Aspiring Cape Breton writers will learn from some of the island’s best authors this weekend in Mabou when Strathspey Place hosts its second Literary Festival on Saturday, August 20.
On hand to mentor and offer tips in various workshops during the morning and afternoon will be novelist, journalist, and playwright Frank Macdonald (A Forest For Calum, A Possible Madness), historian Jim St. Clair, Mi’kmaq elders Lillian Marshall and Murdena Marshall, Nova Scotian Gaelic singer, songwriter and poet Lewis MacKinnon, graphic designer and photographer Brenna MacNeil, Elizabeth LeFort biographer Daniel Doucet, Participater editor Marie Aucoin, and two book illustrators, Peter Rankin and Virginia McCoy.
Acclaimed Glace Bay author, Sheldon Currie (Glace Bay Miners’ Museum) will offer critiques of previously submitted samples from workshop participants.
The morning and afternoon sessions will be held at Dalbrae Academy and Strathspey Place, and along with the workshops, will feature a children’s reading room, a buffet lunch and an on site book store.
The evening program begins at 7pm with a Round Table of prominent media personalities and culminates with a Gala event hosted by Ian McNeil. Special guests this year will be Alexander MacLeod, Donna Morrissey and Sheldon Currie. Admission for this event is $20 for Strathspey Place members and $25 for the general public.

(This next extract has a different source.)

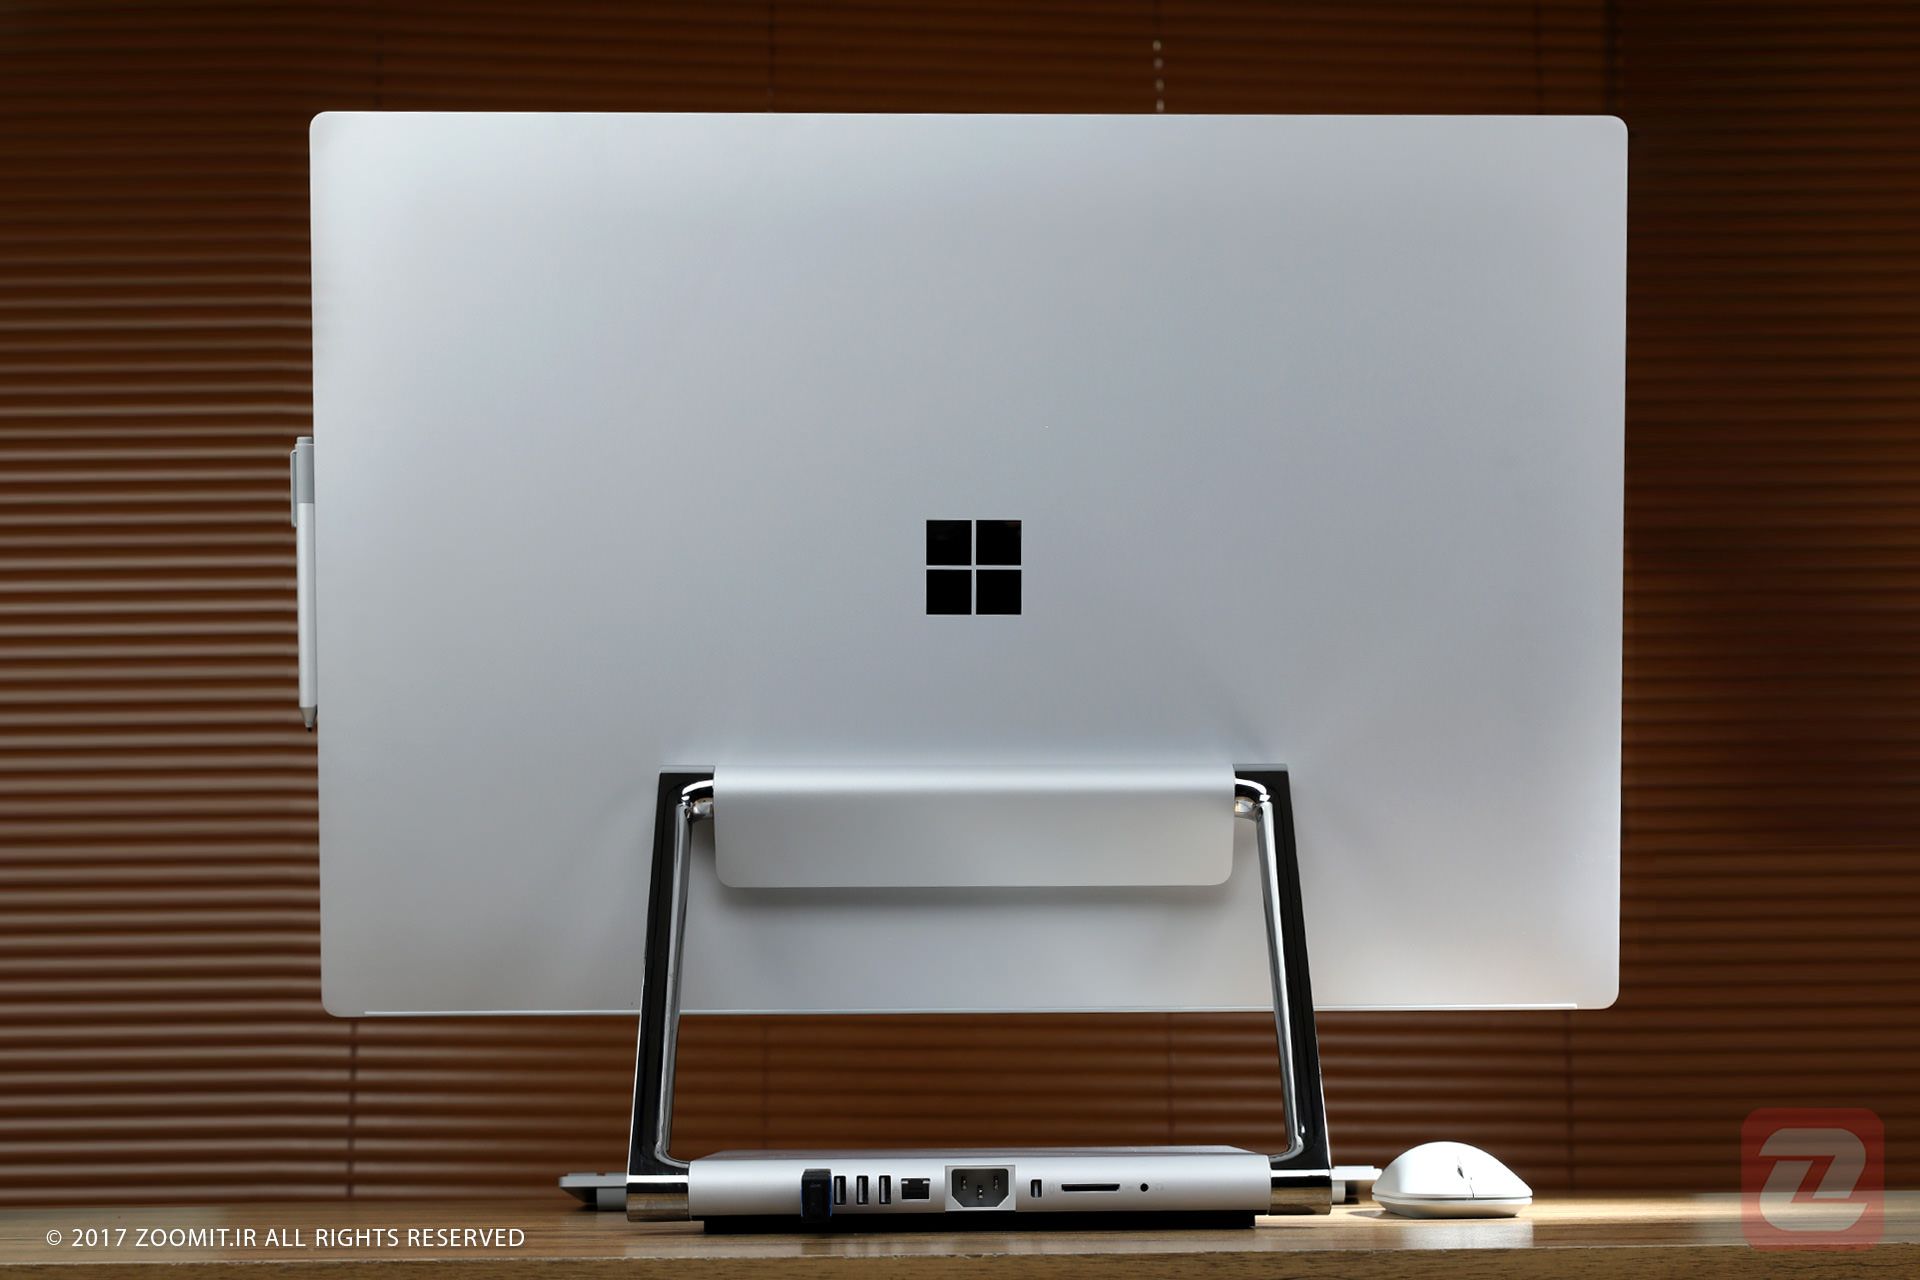 مایکروسافت سرفیس استودیو / Microsoft Surface Studio

Sheldon Currie’s body of work includes three novels, two collections of short stories, numerous literary articles, plays and a feature film script. He has written two plays based on his short stories, Lauchie Liza and Rory, and Two More Solitudes. The play version of Lauchie Liza and Rory was nominated for five Merritt awards and awarded the Merritt for best play by a Nova Scotia writer in 2004.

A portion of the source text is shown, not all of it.